= Vermont Quilt Festival =

American annual event

Vermont Quilt Festival was an annual event, which is both the oldest and largest quilting event in the region. Featuring a weekend of quilt exhibits, contest quilts, classes taught by renowned quiltmakers, a champagne preview, vendors, lectures and appraisals, the festival is well attended by both beginner and expert quilters alike.

==History==
In 1977, the Festival started as a one-day show featuring both antique and new quilts. The following year contest quilts were added, and by 1981 the Festival included classes and also appraisals of antique quilts.

Originally held in Northfield, Vermont, the annual event took place on the Norwich University campus until 2006. The Festival moved its venue to the Champlain Valley Expo in Essex Junction, Vermont with classes held at the neighboring Saint Michael's College in Colchester, Vermont where it continues to be held yearly on the last weekend in June, except 2020 when it was cancelled due to COVID-19 pandemic concerns. 2021 sees a virtual festival.
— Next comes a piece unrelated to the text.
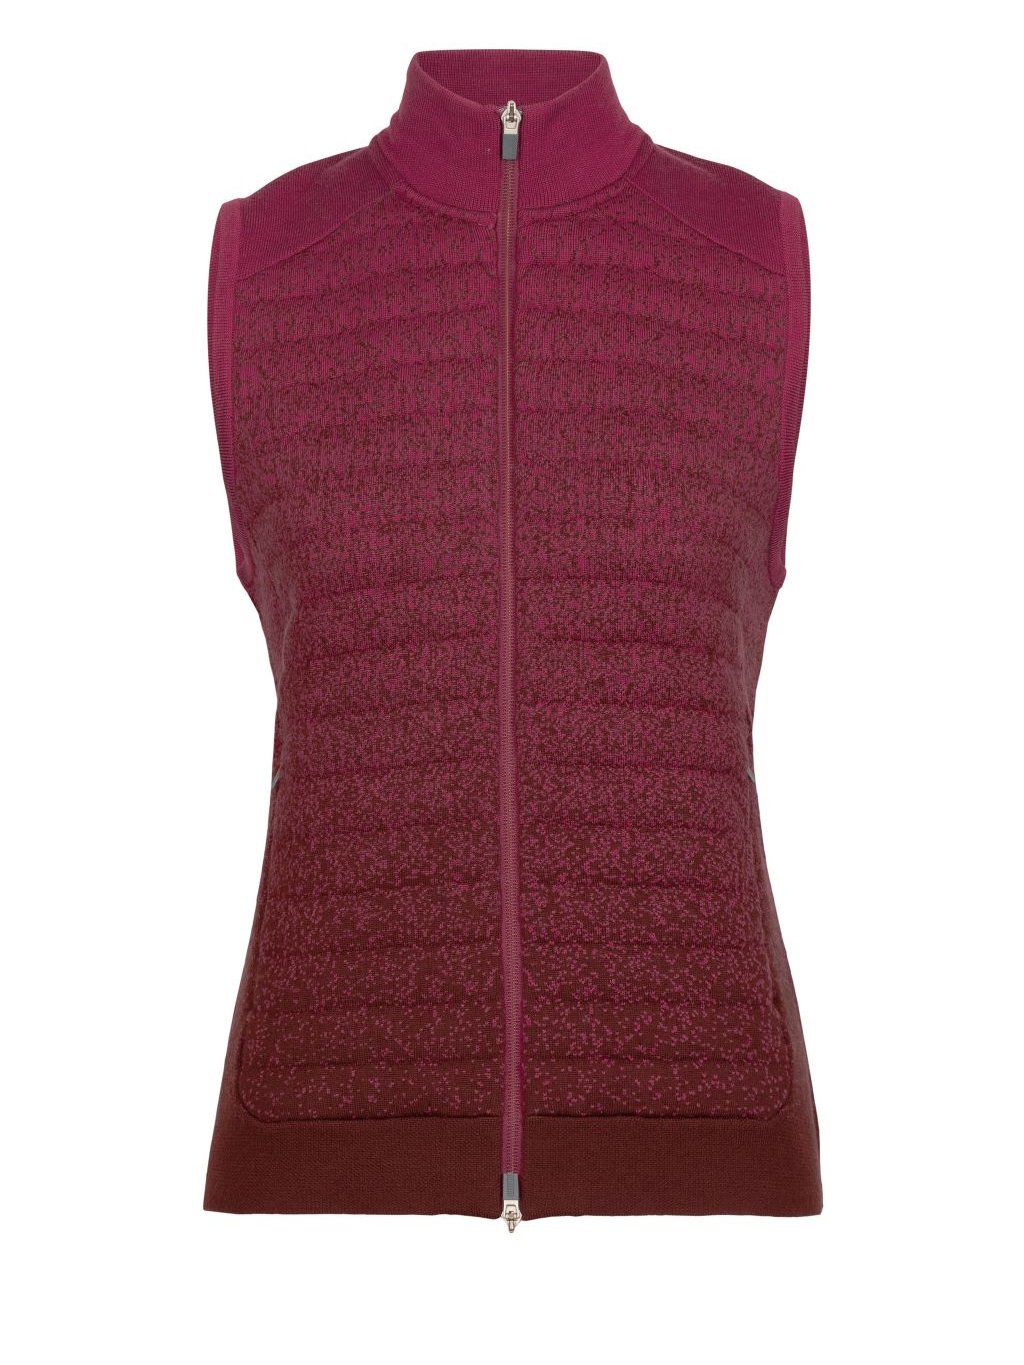 FW22 WOMEN ZONEKNIT INSULATED VEST INTO THE DEEP CHERRY ESPRESSO 0A56M2553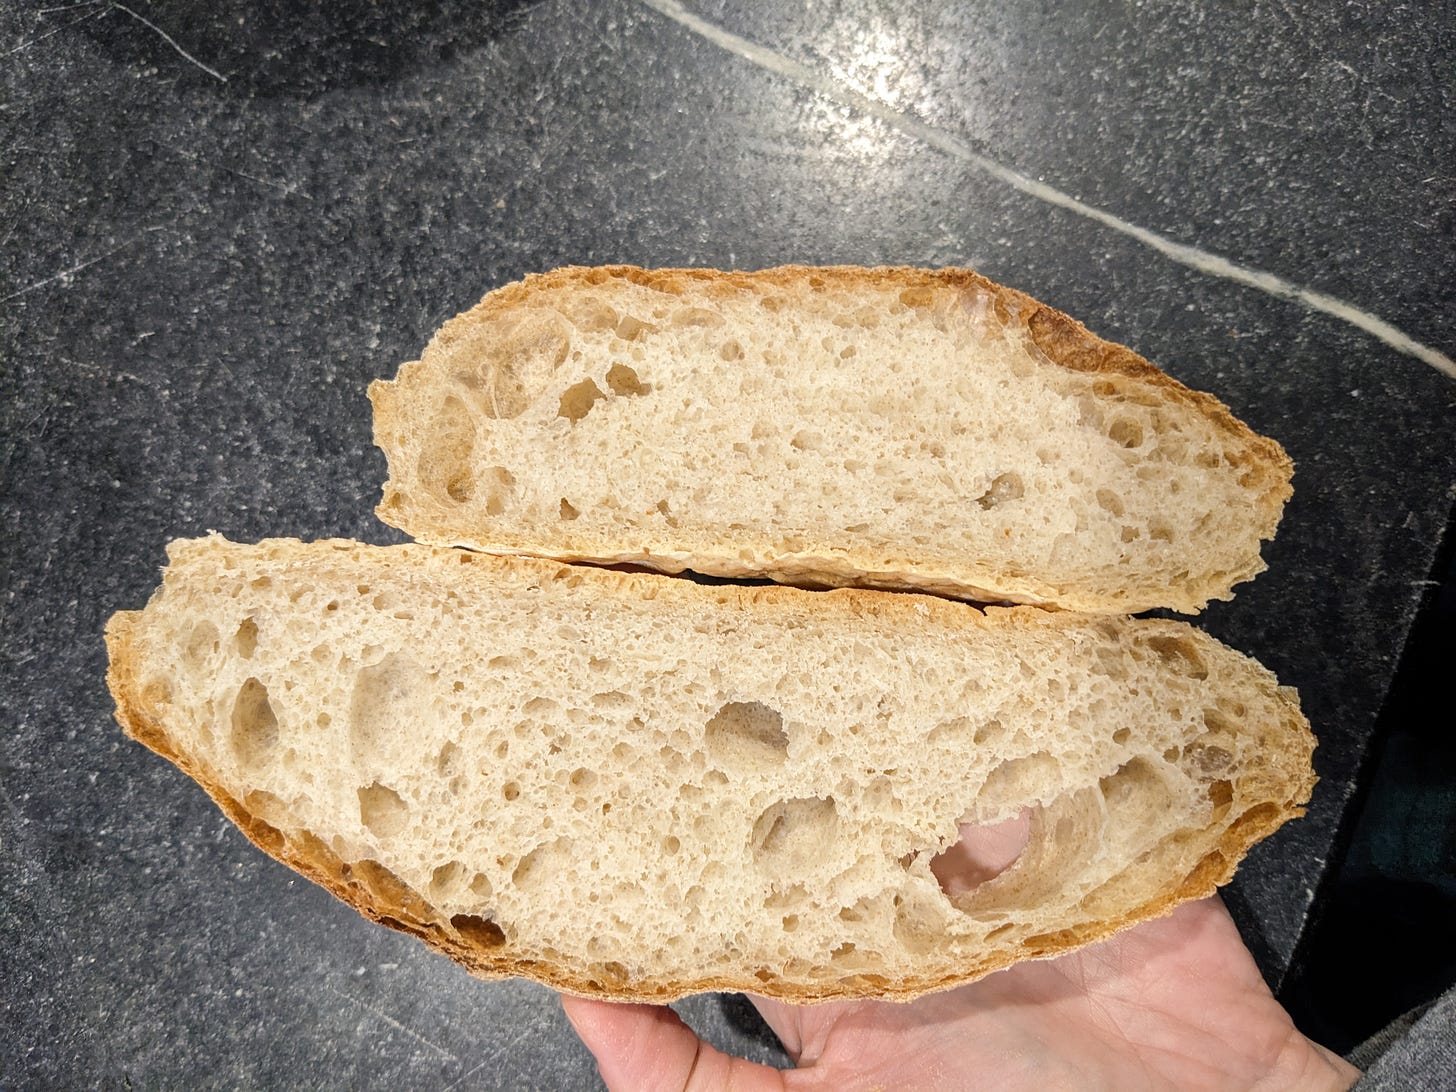 A pair of bread slices on their sides to show the texture.

In May 2023, a month before the annual quilt festival in Essex Junction, Vermont, organizers announced the Vermont Quilt Festival was canceled and was closing permanently. According to a statement by Marti DelNevo, chair of the board of directors, quoted in the Vermont Public, the 2023 festival saw lower-than-expected sign-ups for vendors and classes, leading to a projected budget shortfall of over $70,000 USD.

Prior to its closure in 2023, the Vermont Quilt Festival, Inc., a non-profit organization, held its annual festival a total of consecutive years.

==Notable facts==
The Festival opened with a festive Champagne and Chocolate Preview each year which has been attended by the Governor of Vermont.

Yankee Magazine, Quilter's Newsletter Magazine, Vermont Life, The New York Times, The Boston Globe, USA Today and Quilt Mania as well as local media are just some of the publications that have covered the event.

It is consistently designated as a Top Ten Summer event by the Vermont Chamber of Commerce, and as one of the Top 100 Events by The American Bus Association.